Activity
Take the lines from the beginning of the material through the line containing "Flying Witches Samsung Galaxy S8 Plus Case" and retype them exactly, leaving the pictures out.
The data Start Marker
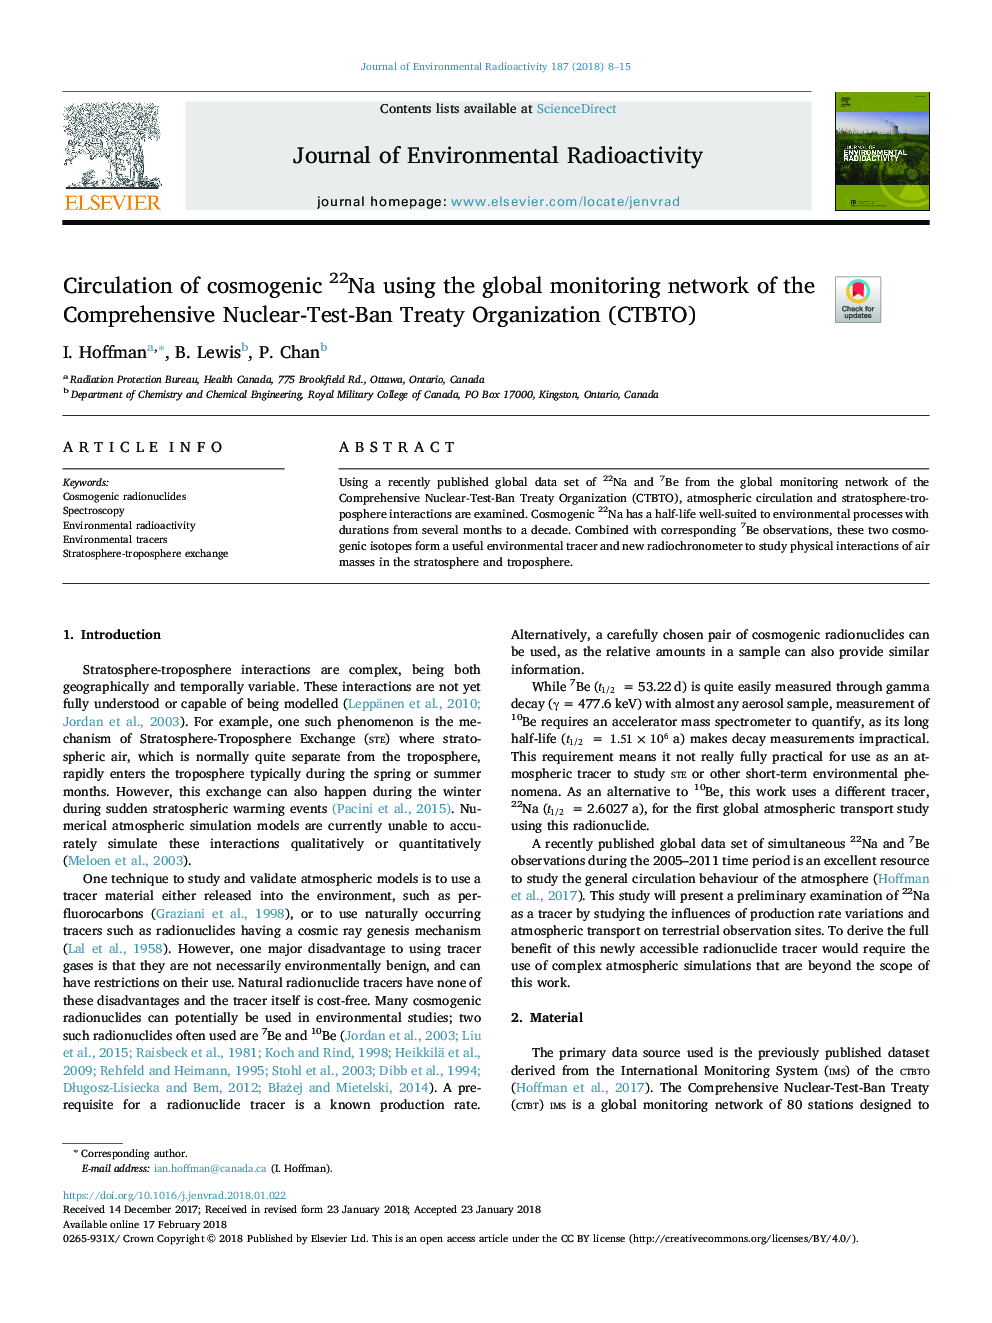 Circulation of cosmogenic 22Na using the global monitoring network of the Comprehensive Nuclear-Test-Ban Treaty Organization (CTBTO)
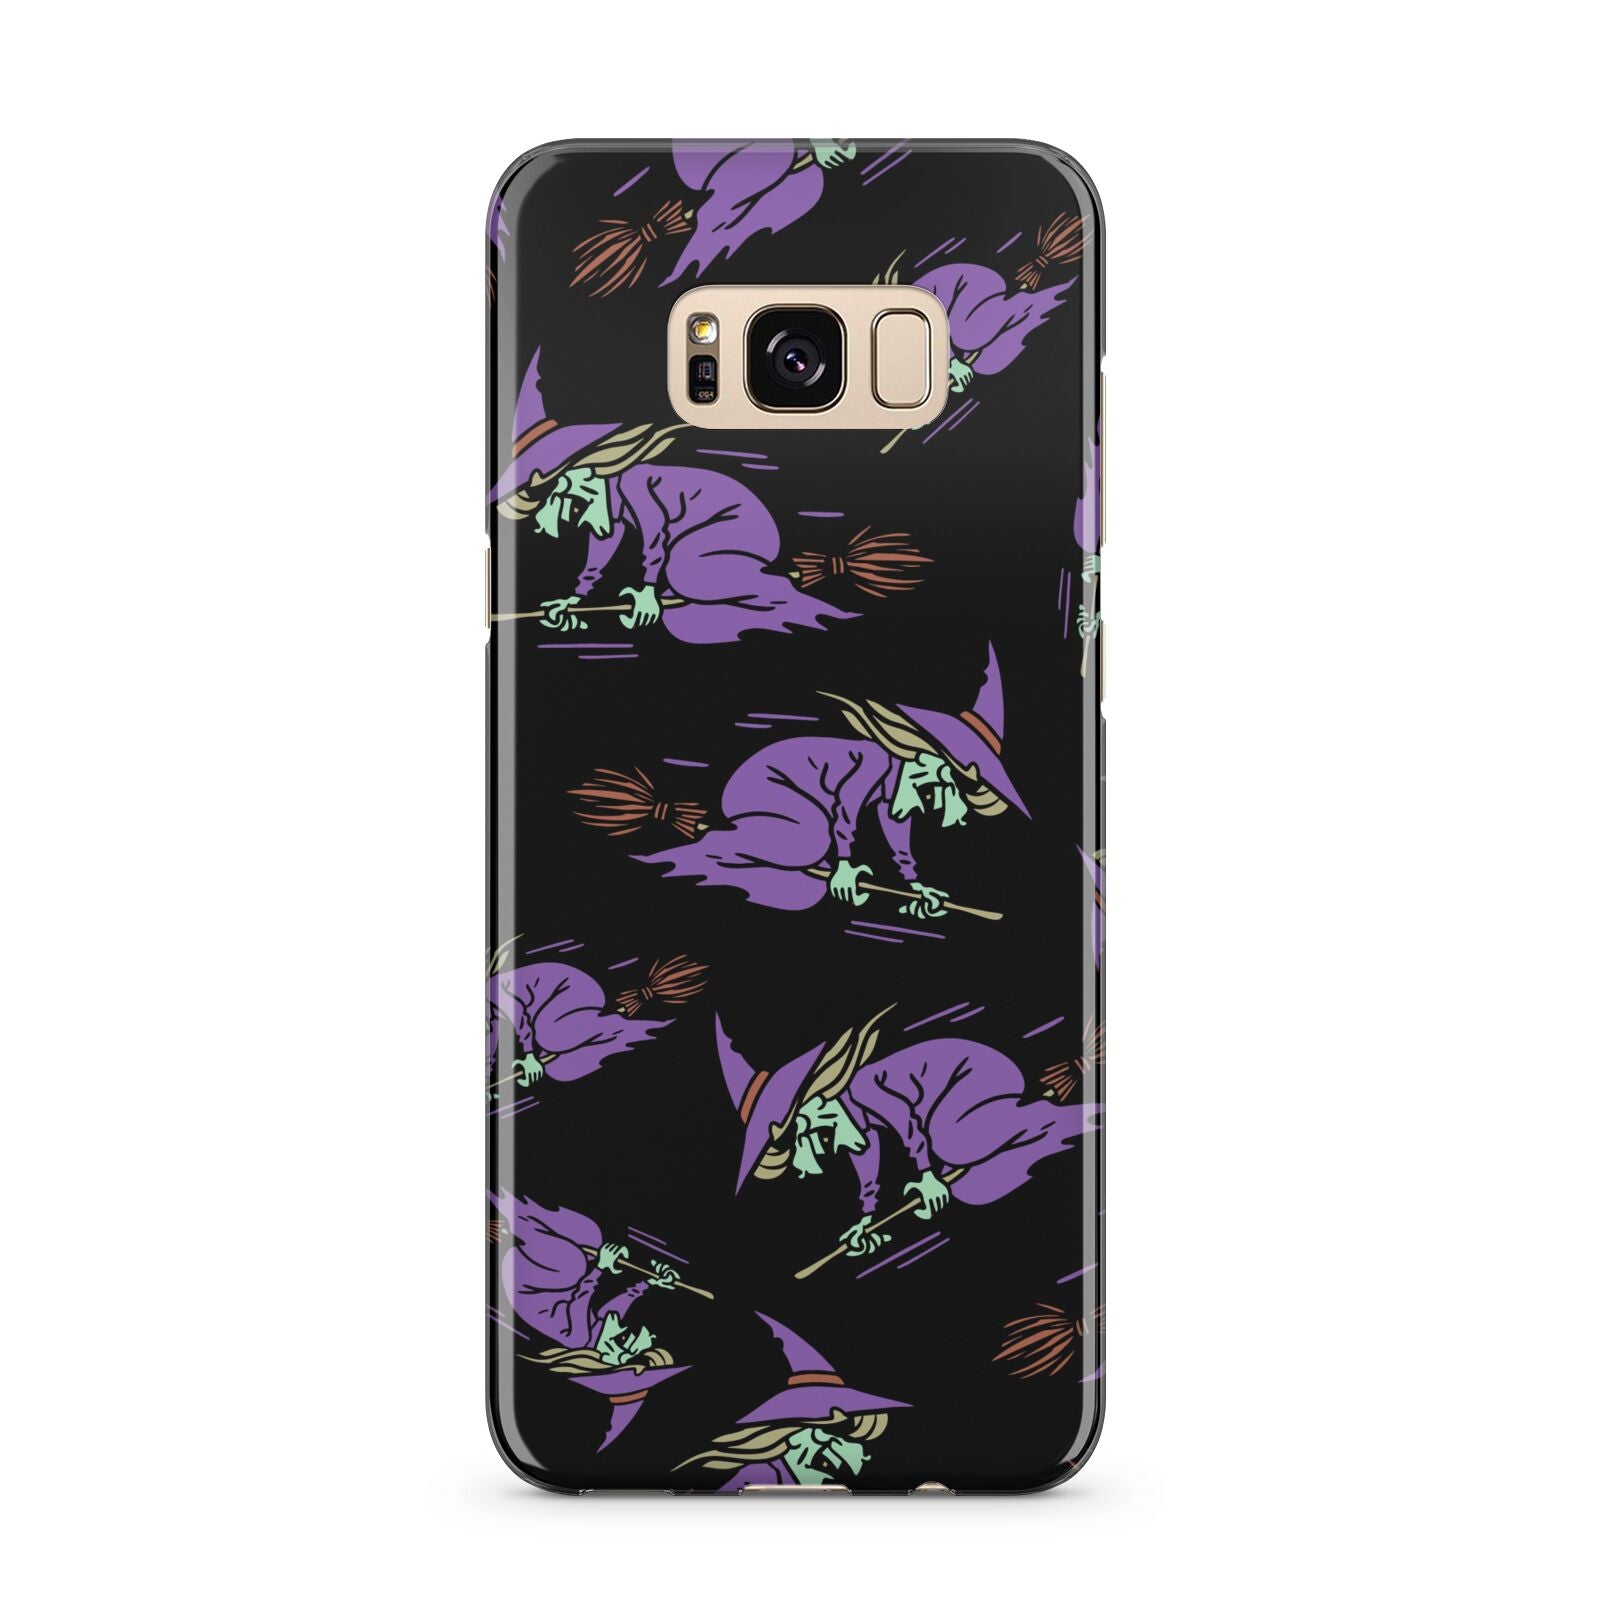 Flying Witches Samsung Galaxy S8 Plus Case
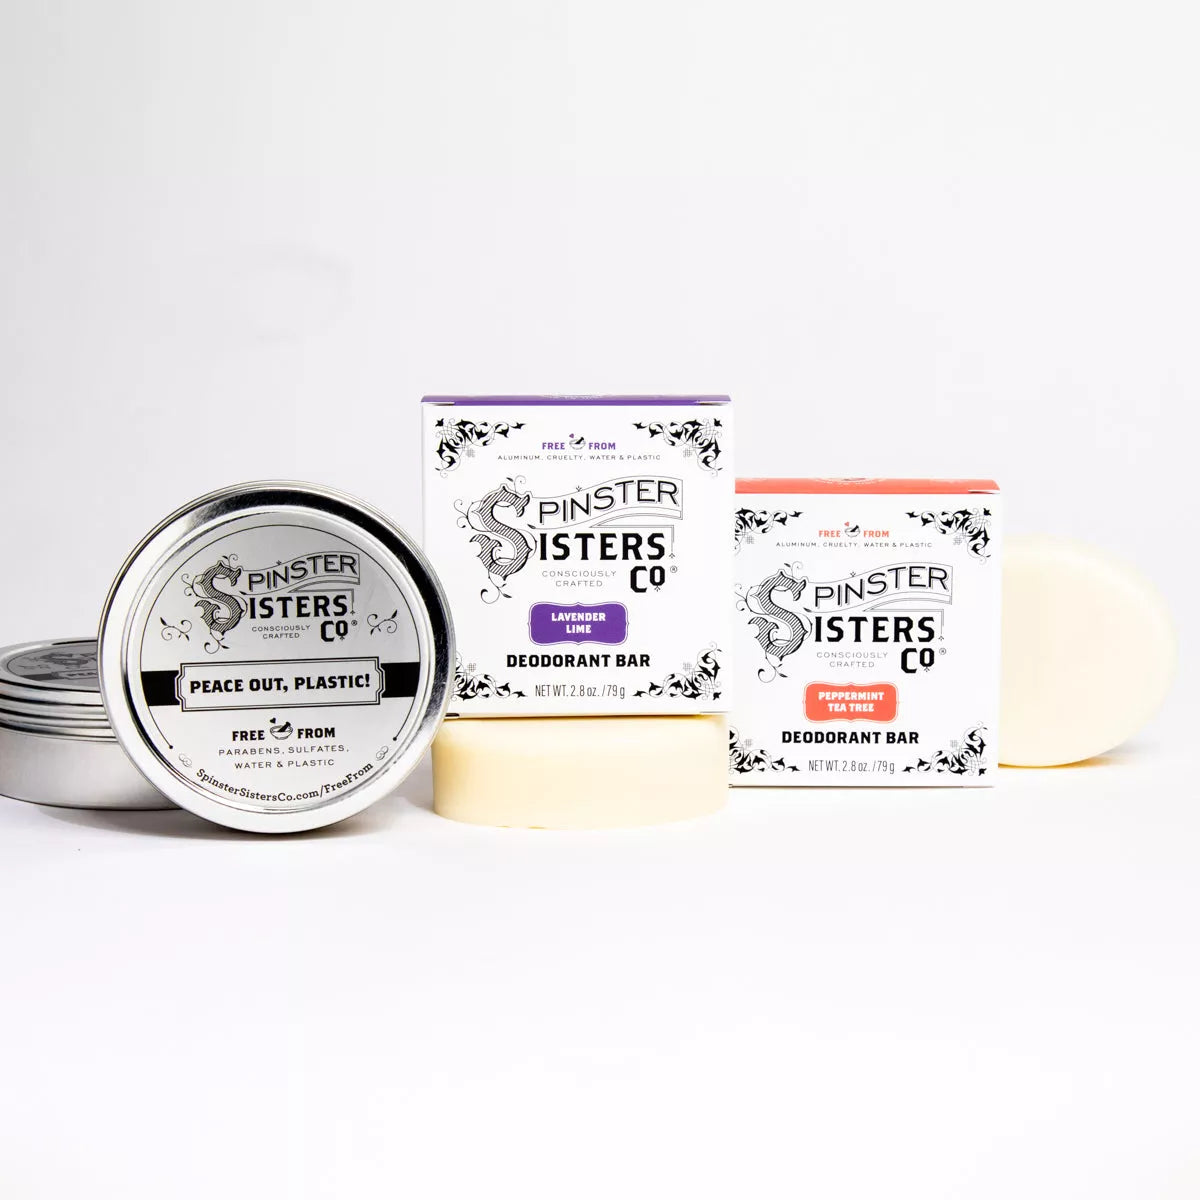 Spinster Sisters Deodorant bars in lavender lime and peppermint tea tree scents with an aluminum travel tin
The data End Marker
Exercise result
 Circulation of cosmogenic 22Na using the global monitoring network of the Comprehensive Nuclear-Test-Ban Treaty Organization (CTBTO)
 Flying Witches Samsung Galaxy S8 Plus Case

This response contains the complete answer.